Action item:
Skip the pictures. Transcribe the rest of the data below without changing a word.

Data section:
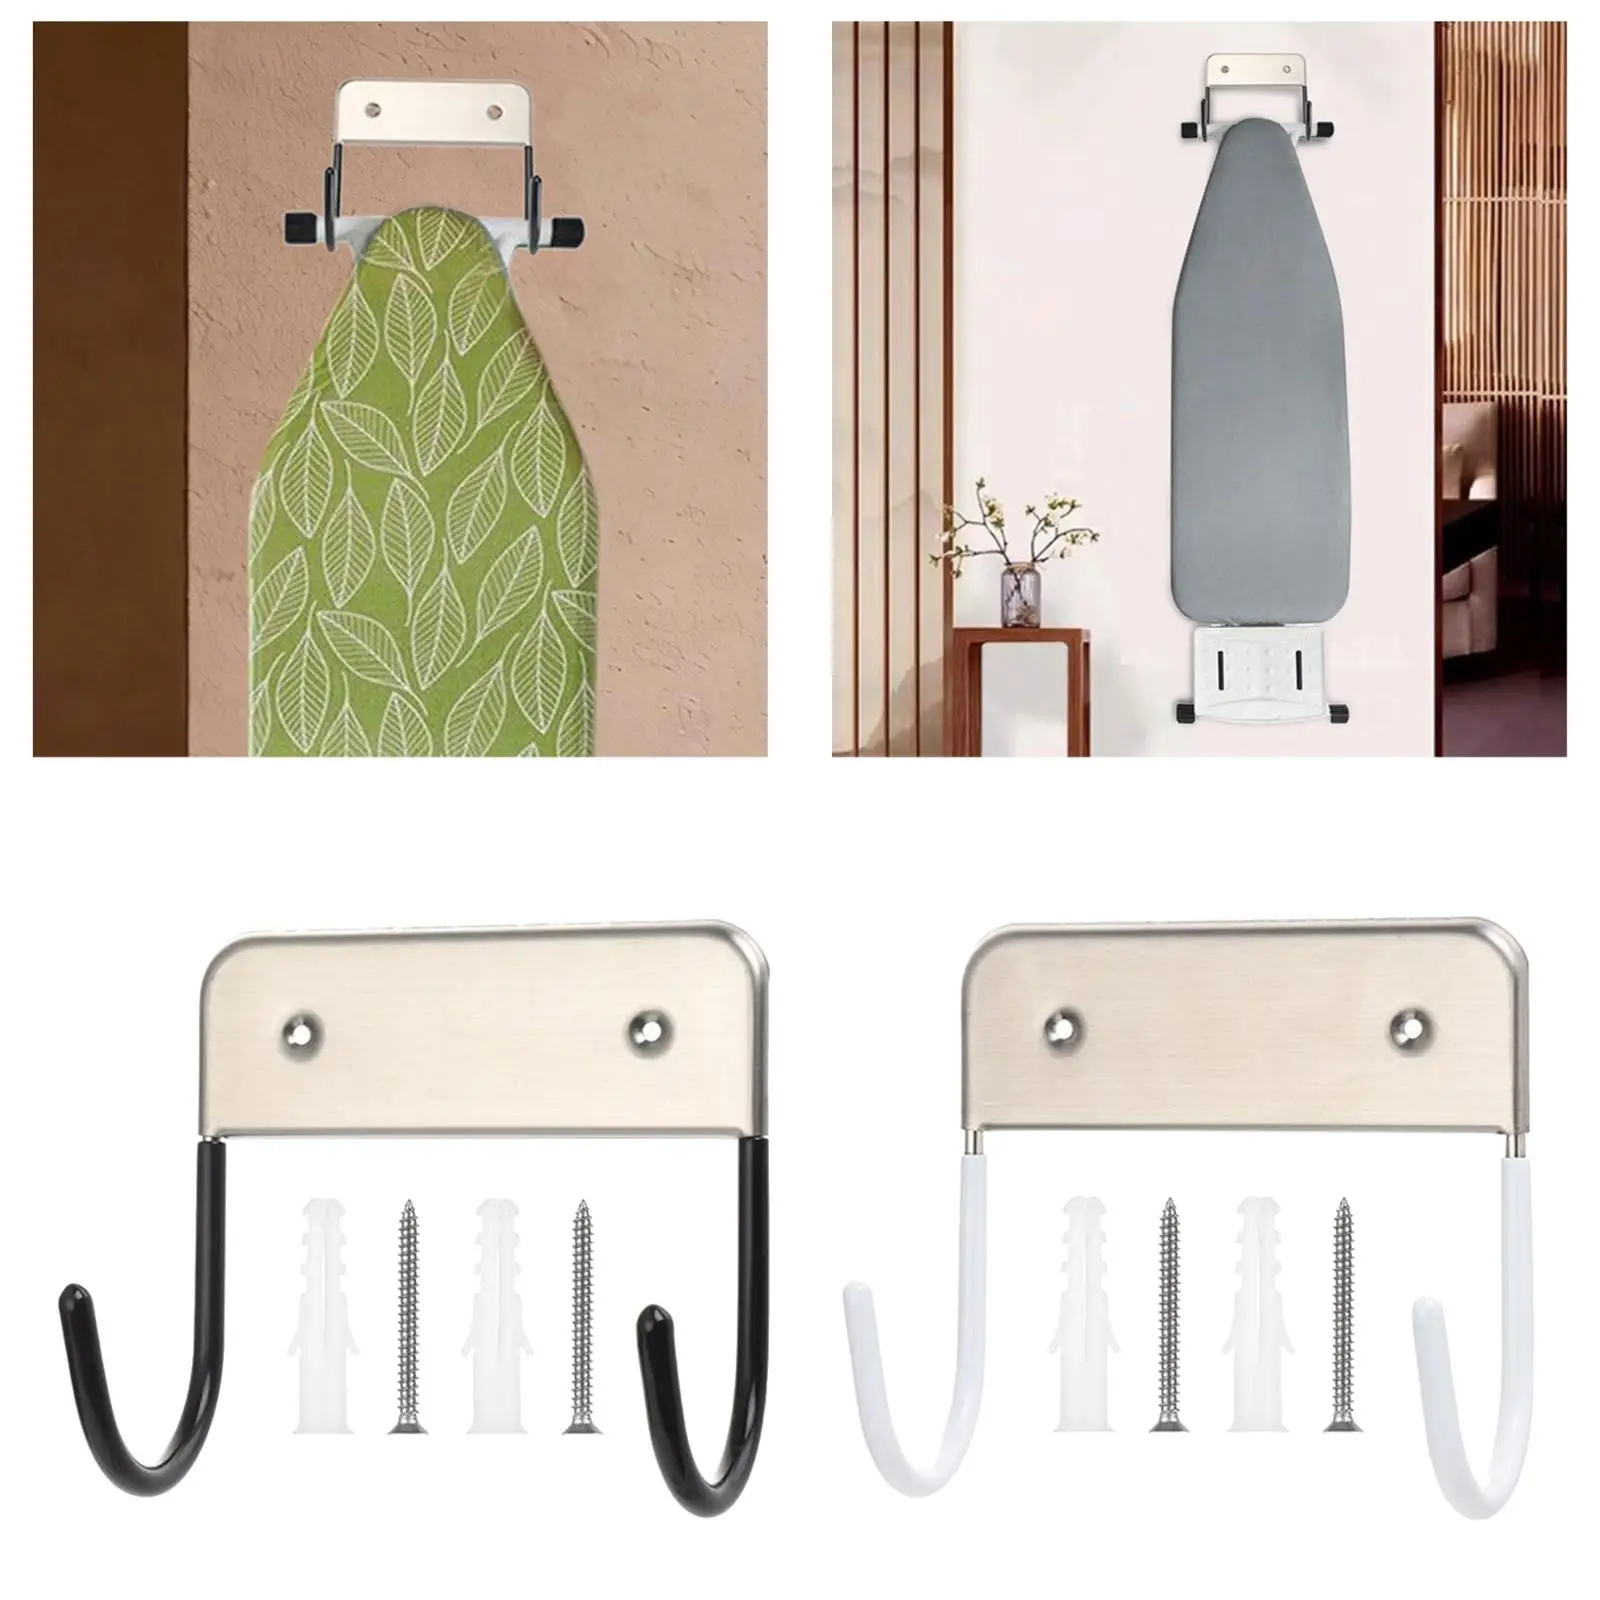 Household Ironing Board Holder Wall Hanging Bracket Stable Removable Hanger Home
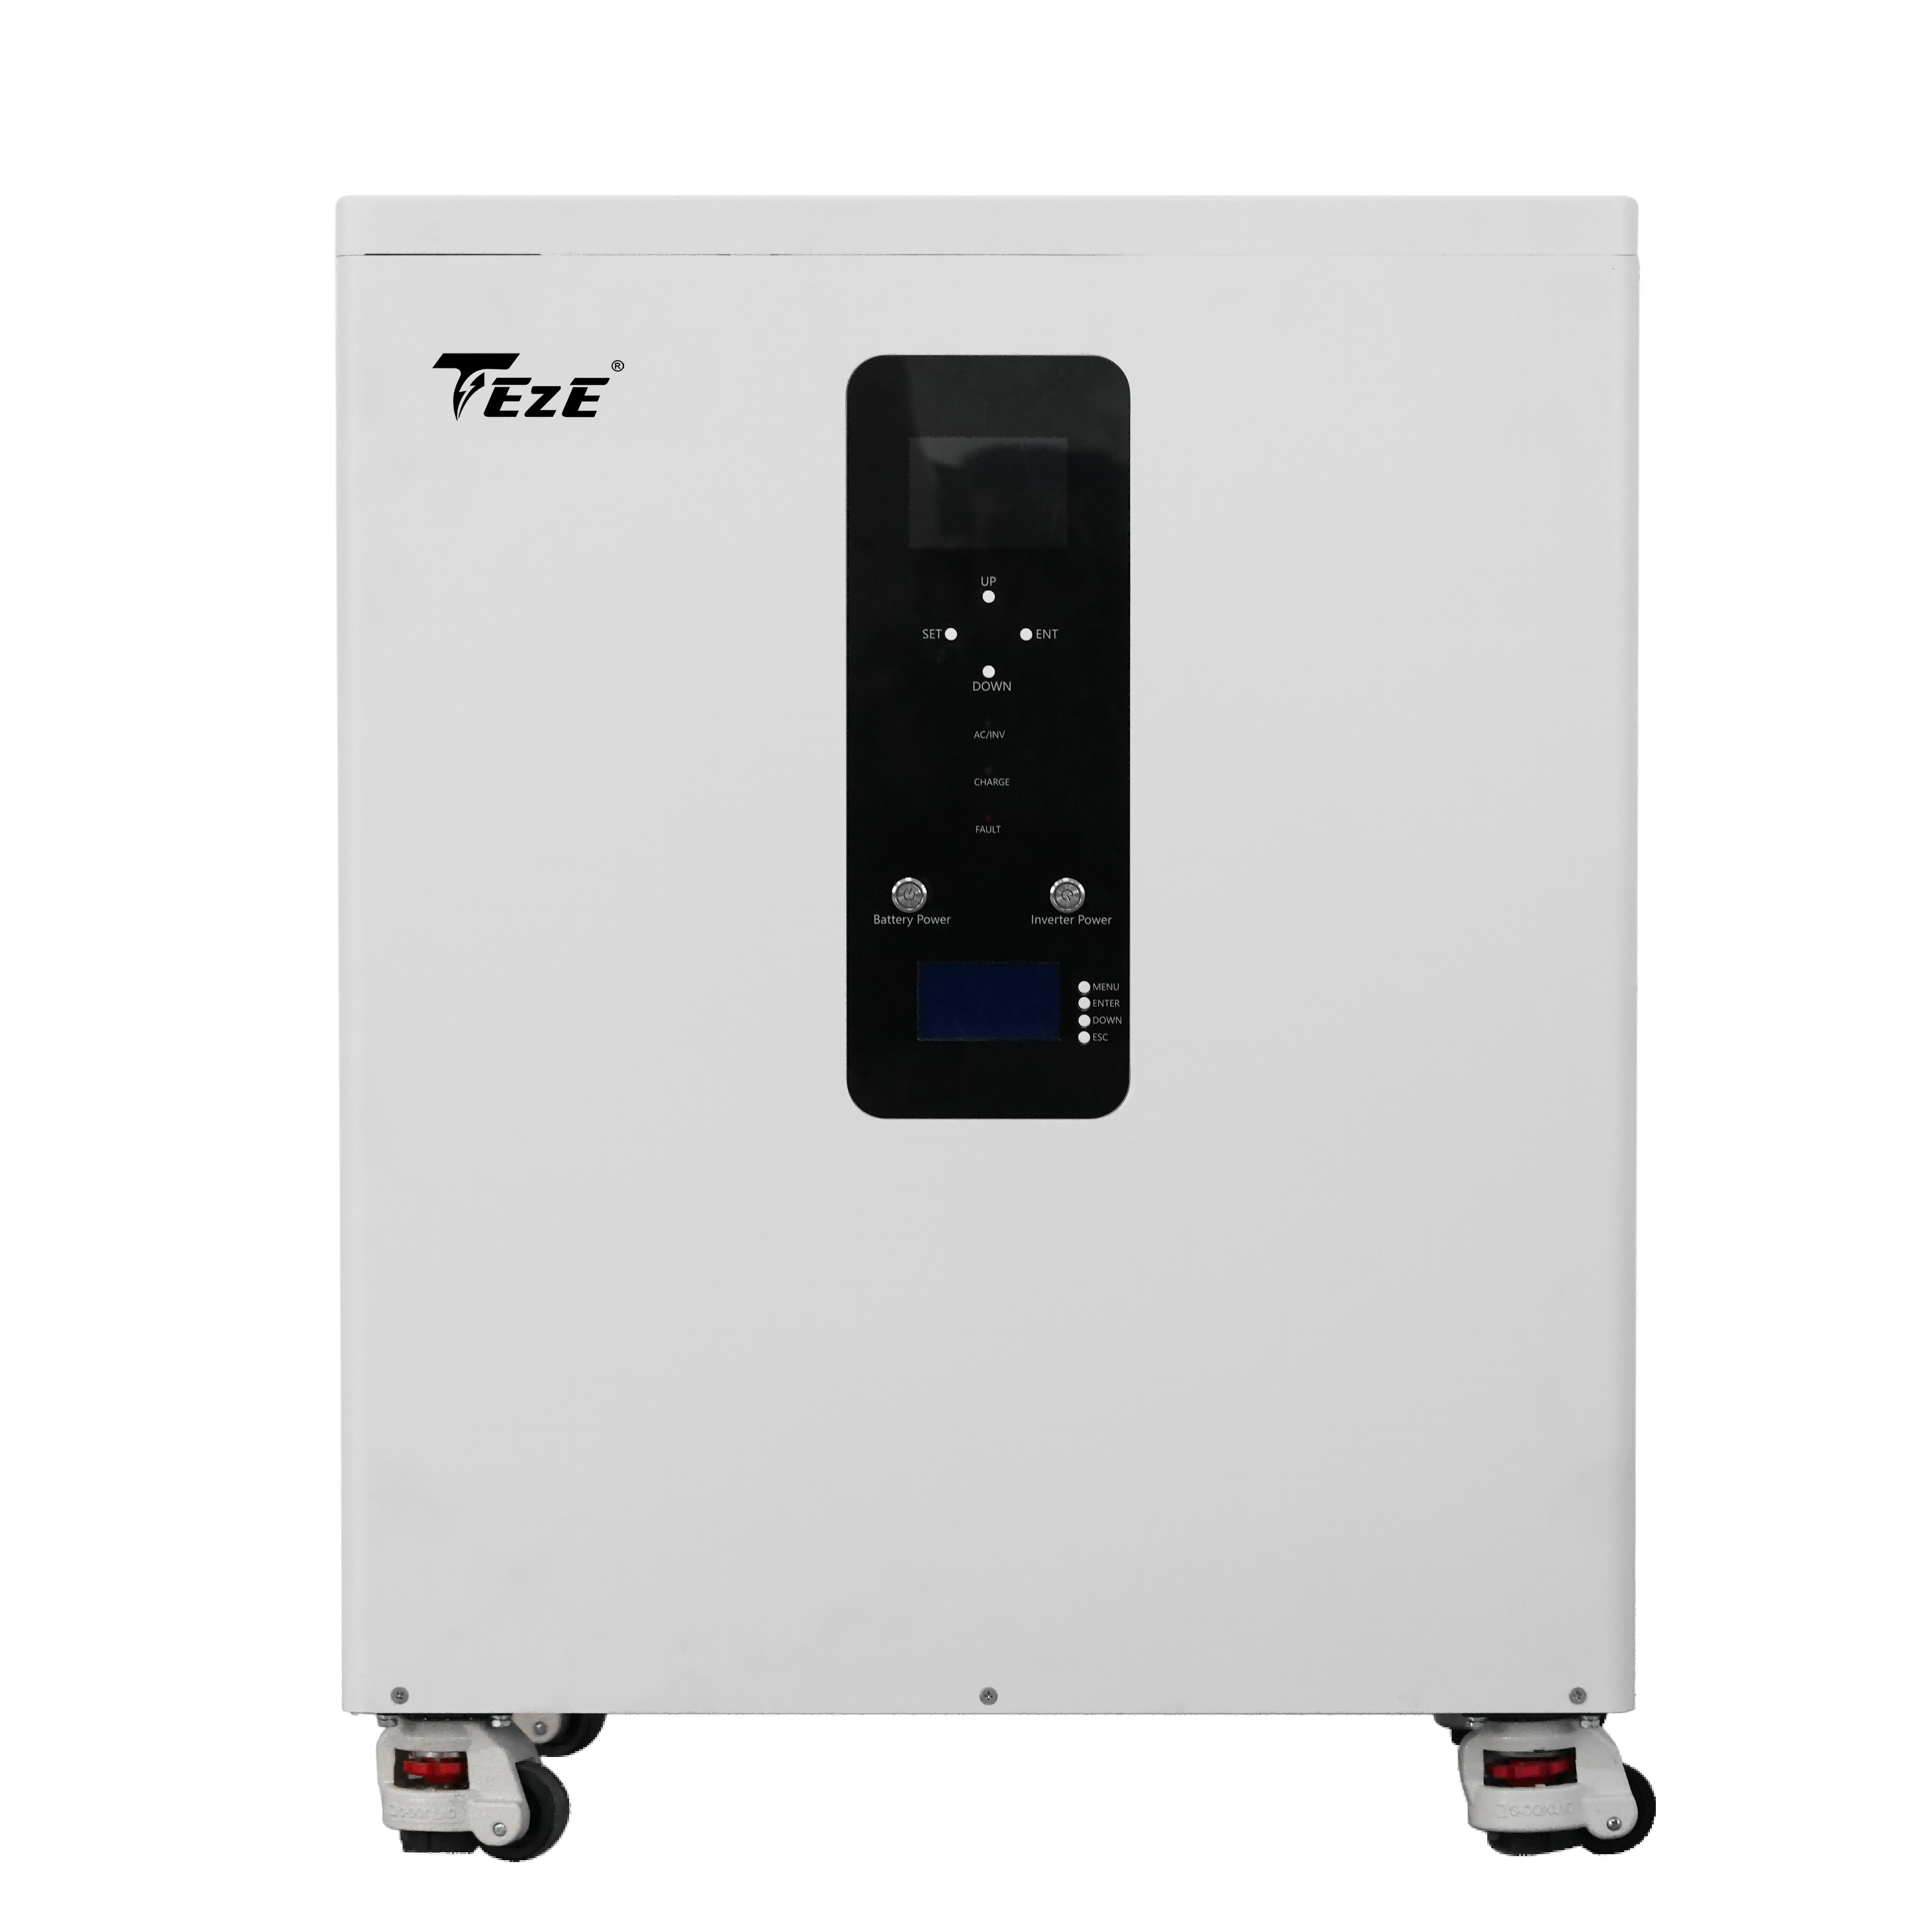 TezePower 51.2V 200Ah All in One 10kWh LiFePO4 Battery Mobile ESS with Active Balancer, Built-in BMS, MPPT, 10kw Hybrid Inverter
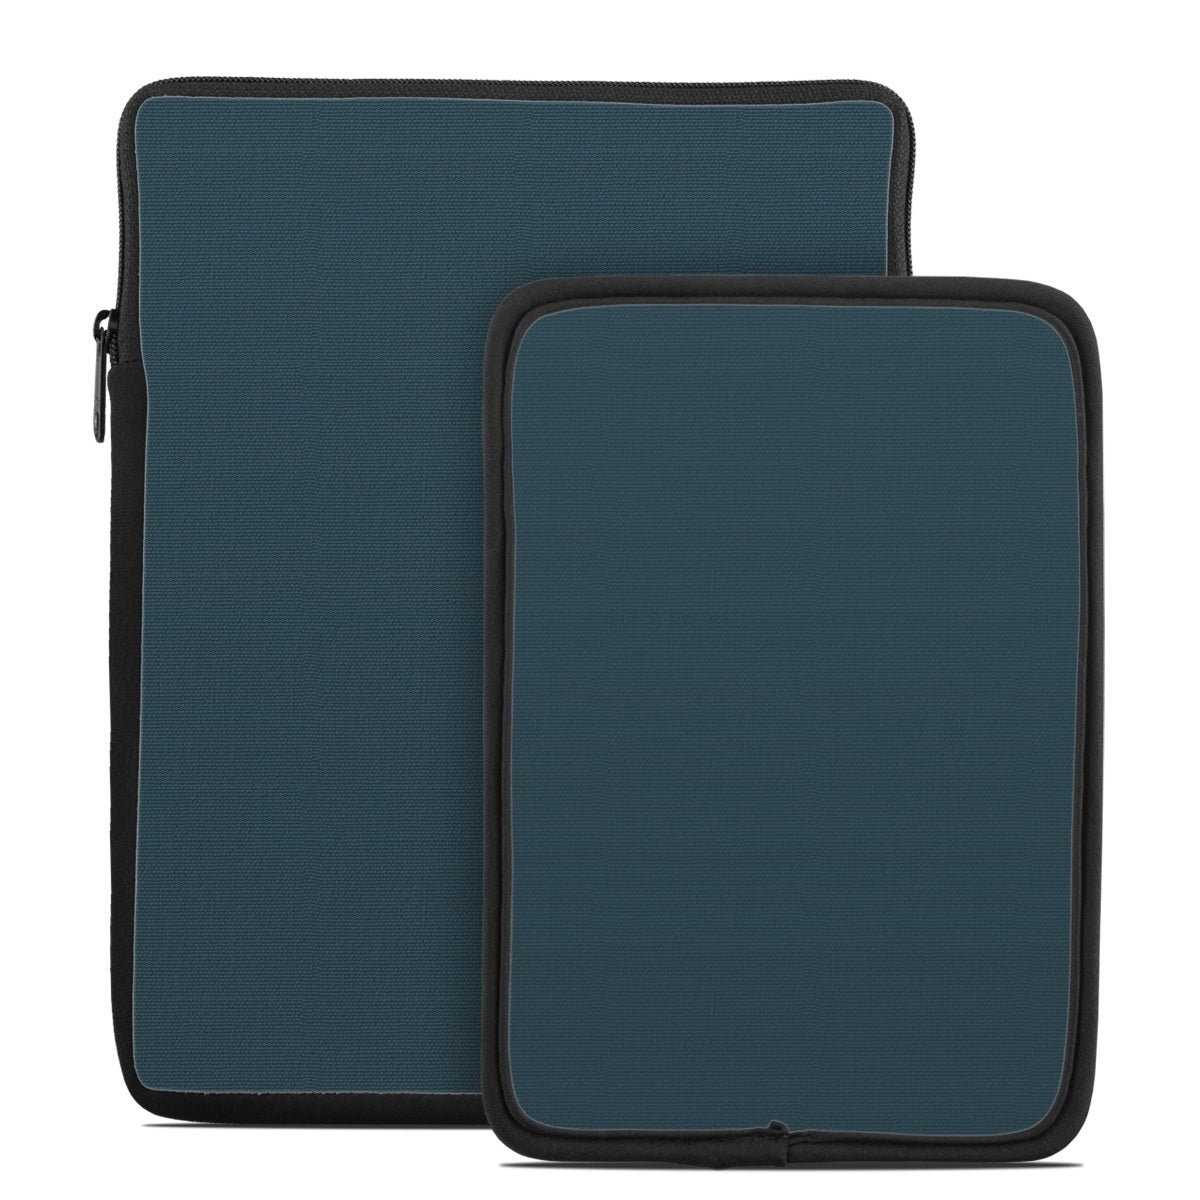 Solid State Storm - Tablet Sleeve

Answer section:
 Household Ironing Board Holder Wall Hanging Bracket Stable Removable Hanger Home
 TezePower 51.2V 200Ah All in One 10kWh LiFePO4 Battery Mobile ESS with Active Balancer, Built-in BMS, MPPT, 10kw Hybrid Inverter
 Solid State Storm - Tablet Sleeve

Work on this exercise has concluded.